Artificial intelligence is inventing new drugs against Parkinson’s disease, antibiotic-resistant superbugs and many rare diseases – progress that many scientists never dreamed possible.
For around half a century, humanity has been slowly losing its battle against bacteria. The most powerful weapons we have in this fight, antibiotics, are increasingly ineffective as drug resistance spreads. Around 1.1 million people now die every year from infections that were until recently easily treated. And the death toll is expected to rise to more than eight million by 2050 unless urgent action is taken.

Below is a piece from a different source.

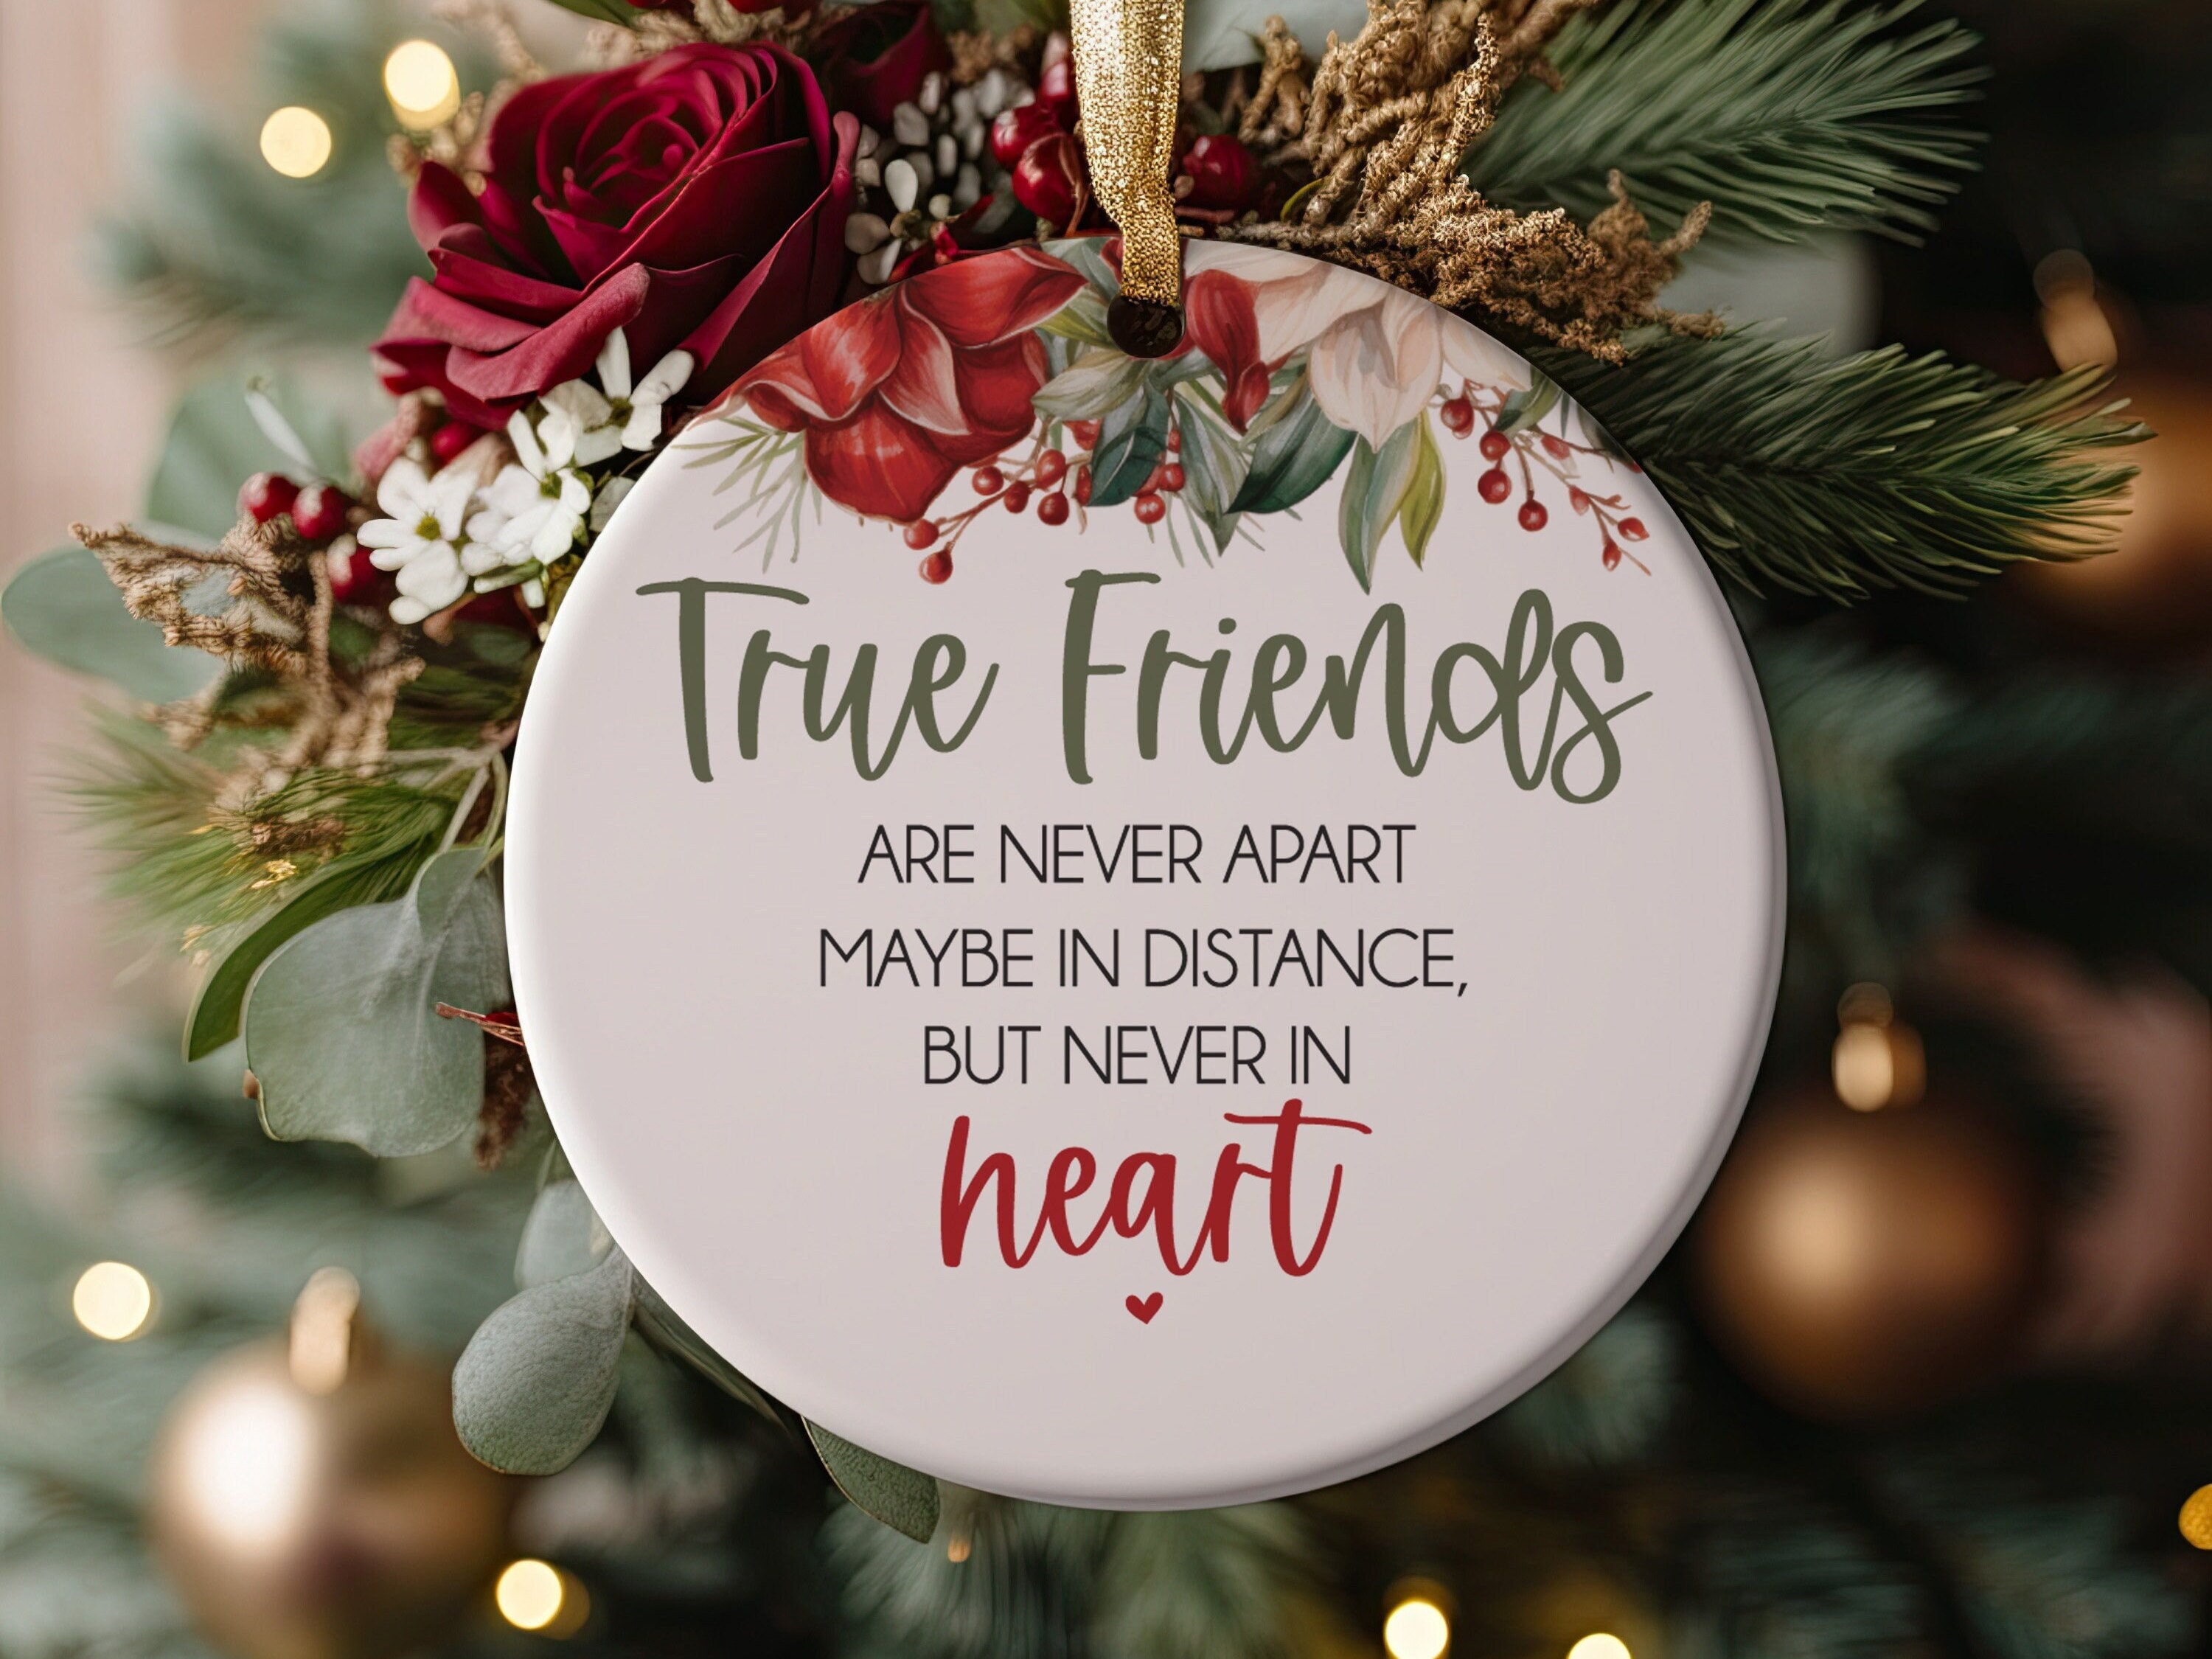 900+ Friends​hip Quotes ideas in 2023  friends quotes, friendship quotes,  best friend quotes

Developing new antibiotics is a frustratingly slow and expensive process. Between 2017 and 2022, just 12 new antibiotics were approved for use, the majority of which were similar to existing drug-types that bacteria are already developing resistance to. The field has been chronically neglected due to a lack of interest from drug companies and underfunding.
But now researchers are looking to close the gap – and some are betting on artificial intelligence to help them do it.
“We can – in a matter of days or hours – look at massive libraries” of chemical compounds to identify those that display antibacterial activity, says James Collins, professor of medical engineering and science, at Massachusetts Institute of Technology in Cambridge, US. With the help of AI, Collins and his team have already discovered two new compounds that could prove vital weapons against the highly drug-resistant infections gonorrhoea and MRSA.
It is just one example of how AI is opening up a new era of drug discovery – promising progress on some of the most intractable medical problems of our time. Scientists are now pointing AI at conditions with no known cure such as Parkinson’s Disease, and thousands of rare diseases, in the hope of new breakthroughs.
Collins and his team trained a generative AI model to recognise the chemical structures of known antibiotics. This allowed the algorithm to learn what it takes to kill bacteria. The researchers then used the AI to screen more than 45 million different chemical structures for their ability to target Neisseria gonorrhoeae, the bacteria that cause gonorrhoea, and Staphylococcus aureus, a significant source of infections in the form of MRSA.
Both of these bacteria are highly drug-resistant – in the case of gonorrhoea, it’s able to evade almost every medicine used to treat it. There are now a dwindling number of antibiotics available – drugs of last resort – to wield against each.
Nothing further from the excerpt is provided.